WHAT THE TASK REQUIRES
The data beneath this task has to be reprinted character for character.

STORED DATA
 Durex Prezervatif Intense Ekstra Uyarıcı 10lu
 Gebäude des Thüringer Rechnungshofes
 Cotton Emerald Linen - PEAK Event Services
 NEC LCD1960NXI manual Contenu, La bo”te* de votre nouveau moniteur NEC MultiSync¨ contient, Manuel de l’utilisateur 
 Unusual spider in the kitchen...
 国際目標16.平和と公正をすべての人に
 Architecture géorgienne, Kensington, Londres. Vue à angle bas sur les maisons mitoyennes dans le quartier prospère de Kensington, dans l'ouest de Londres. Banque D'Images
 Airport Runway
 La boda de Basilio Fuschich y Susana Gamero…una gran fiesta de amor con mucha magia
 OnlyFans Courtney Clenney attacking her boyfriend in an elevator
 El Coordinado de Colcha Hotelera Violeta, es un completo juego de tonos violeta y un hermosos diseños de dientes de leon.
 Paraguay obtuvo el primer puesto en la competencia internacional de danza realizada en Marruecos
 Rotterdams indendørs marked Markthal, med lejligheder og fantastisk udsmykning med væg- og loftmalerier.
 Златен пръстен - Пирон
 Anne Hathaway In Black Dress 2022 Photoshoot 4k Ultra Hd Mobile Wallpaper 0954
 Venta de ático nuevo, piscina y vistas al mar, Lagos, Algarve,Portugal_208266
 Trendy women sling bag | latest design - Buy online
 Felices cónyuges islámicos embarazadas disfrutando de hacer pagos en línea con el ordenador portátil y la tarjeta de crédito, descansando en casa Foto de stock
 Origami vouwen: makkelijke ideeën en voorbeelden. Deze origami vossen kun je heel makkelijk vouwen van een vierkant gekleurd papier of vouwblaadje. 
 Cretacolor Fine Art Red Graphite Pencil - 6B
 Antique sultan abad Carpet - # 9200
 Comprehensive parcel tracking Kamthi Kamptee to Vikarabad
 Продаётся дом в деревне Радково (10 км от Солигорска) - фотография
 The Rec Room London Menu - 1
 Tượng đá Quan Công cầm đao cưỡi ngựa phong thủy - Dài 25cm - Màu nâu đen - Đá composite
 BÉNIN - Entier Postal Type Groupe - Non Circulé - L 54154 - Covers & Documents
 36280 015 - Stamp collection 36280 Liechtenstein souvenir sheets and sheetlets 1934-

SOLUTION TO THIS EXERCISE
 Durex Prezervatif Intense Ekstra Uyarıcı 10lu
 Gebäude des Thüringer Rechnungshofes
 Cotton Emerald Linen - PEAK Event Services
 NEC LCD1960NXI manual Contenu, La bo”te* de votre nouveau moniteur NEC MultiSync¨ contient, Manuel de l’utilisateur 
 Unusual spider in the kitchen...
 国際目標16.平和と公正をすべての人に
 Architecture géorgienne, Kensington, Londres. Vue à angle bas sur les maisons mitoyennes dans le quartier prospère de Kensington, dans l'ouest de Londres. Banque D'Images
 Airport Runway
 La boda de Basilio Fuschich y Susana Gamero…una gran fiesta de amor con mucha magia
 OnlyFans Courtney Clenney attacking her boyfriend in an elevator
 El Coordinado de Colcha Hotelera Violeta, es un completo juego de tonos violeta y un hermosos diseños de dientes de leon.
 Paraguay obtuvo el primer puesto en la competencia internacional de danza realizada en Marruecos
 Rotterdams indendørs marked Markthal, med lejligheder og fantastisk udsmykning med væg- og loftmalerier.
 Златен пръстен - Пирон
 Anne Hathaway In Black Dress 2022 Photoshoot 4k Ultra Hd Mobile Wallpaper 0954
 Venta de ático nuevo, piscina y vistas al mar, Lagos, Algarve,Portugal_208266
 Trendy women sling bag | latest design - Buy online
 Felices cónyuges islámicos embarazadas disfrutando de hacer pagos en línea con el ordenador portátil y la tarjeta de crédito, descansando en casa Foto de stock
 Origami vouwen: makkelijke ideeën en voorbeelden. Deze origami vossen kun je heel makkelijk vouwen van een vierkant gekleurd papier of vouwblaadje. 
 Cretacolor Fine Art Red Graphite Pencil - 6B
 Antique sultan abad Carpet - # 9200
 Comprehensive parcel tracking Kamthi Kamptee to Vikarabad
 Продаётся дом в деревне Радково (10 км от Солигорска) - фотография
 The Rec Room London Menu - 1
 Tượng đá Quan Công cầm đao cưỡi ngựa phong thủy - Dài 25cm - Màu nâu đen - Đá composite
 BÉNIN - Entier Postal Type Groupe - Non Circulé - L 54154 - Covers & Documents
 36280 015 - Stamp collection 36280 Liechtenstein souvenir sheets and sheetlets 1934-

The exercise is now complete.